=== EXERCISE INPUT ===

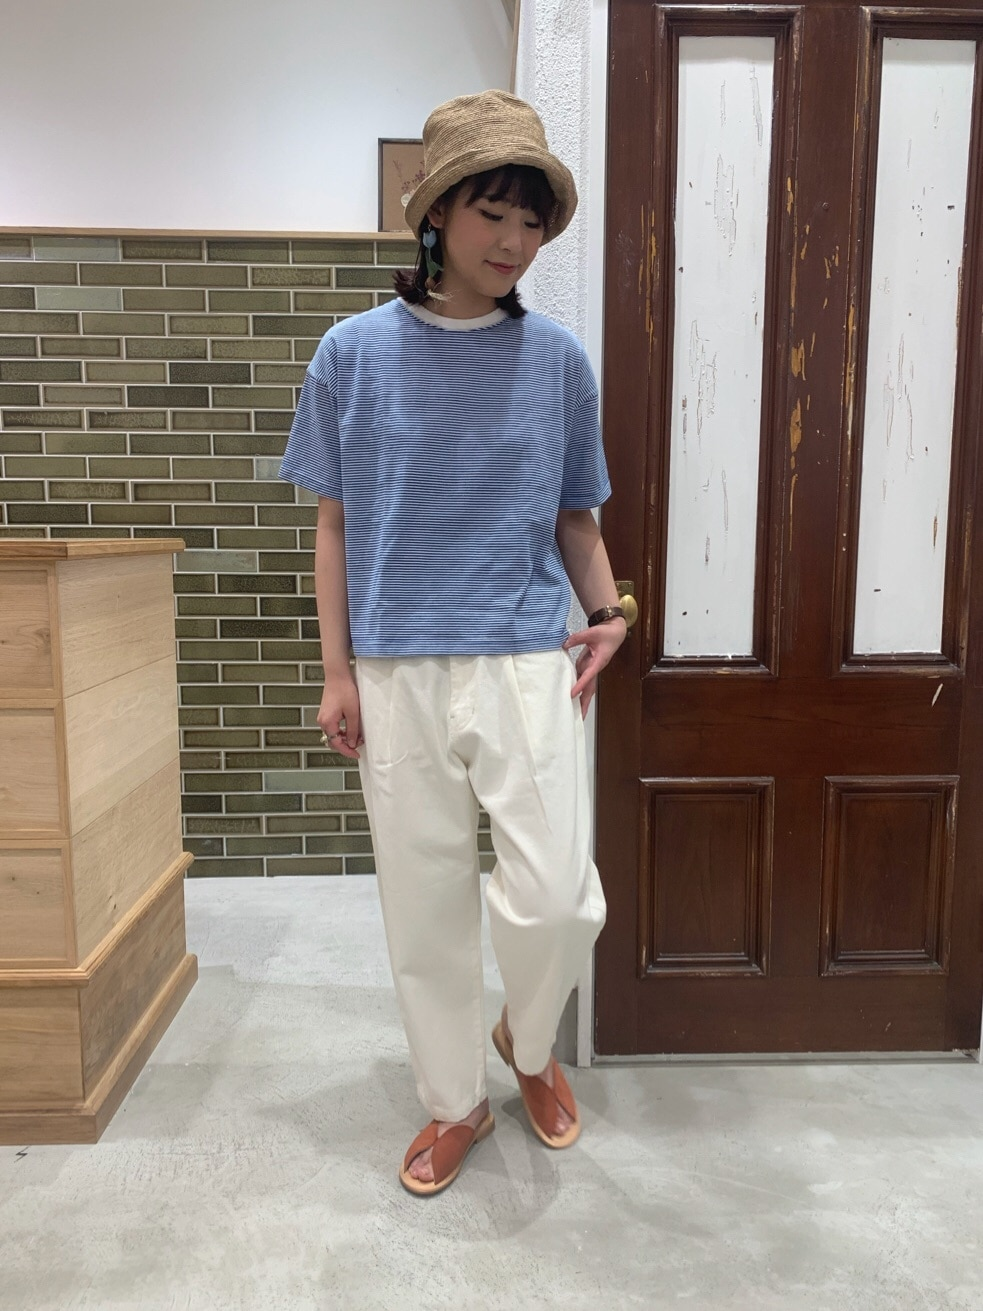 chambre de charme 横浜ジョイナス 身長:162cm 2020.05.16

===
=== EXERCISE INPUT ===

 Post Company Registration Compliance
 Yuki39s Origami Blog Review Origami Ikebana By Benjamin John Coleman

===
=== EXERCISE INPUT ===

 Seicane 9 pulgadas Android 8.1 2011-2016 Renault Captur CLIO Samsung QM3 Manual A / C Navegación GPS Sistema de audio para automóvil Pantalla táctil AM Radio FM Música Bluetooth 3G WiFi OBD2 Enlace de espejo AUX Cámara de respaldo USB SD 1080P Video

===

• _REQUIRED WORK_: Reproduce exactly the stretch of the material above that starts at the line with "Post Company Registration Compliance" and ends at the line with "Yuki39s Origami Blog", both included, and nothing else.

• _REPLY_:
 Post Company Registration Compliance
 Yuki39s Origami Blog Review Origami Ikebana By Benjamin John Coleman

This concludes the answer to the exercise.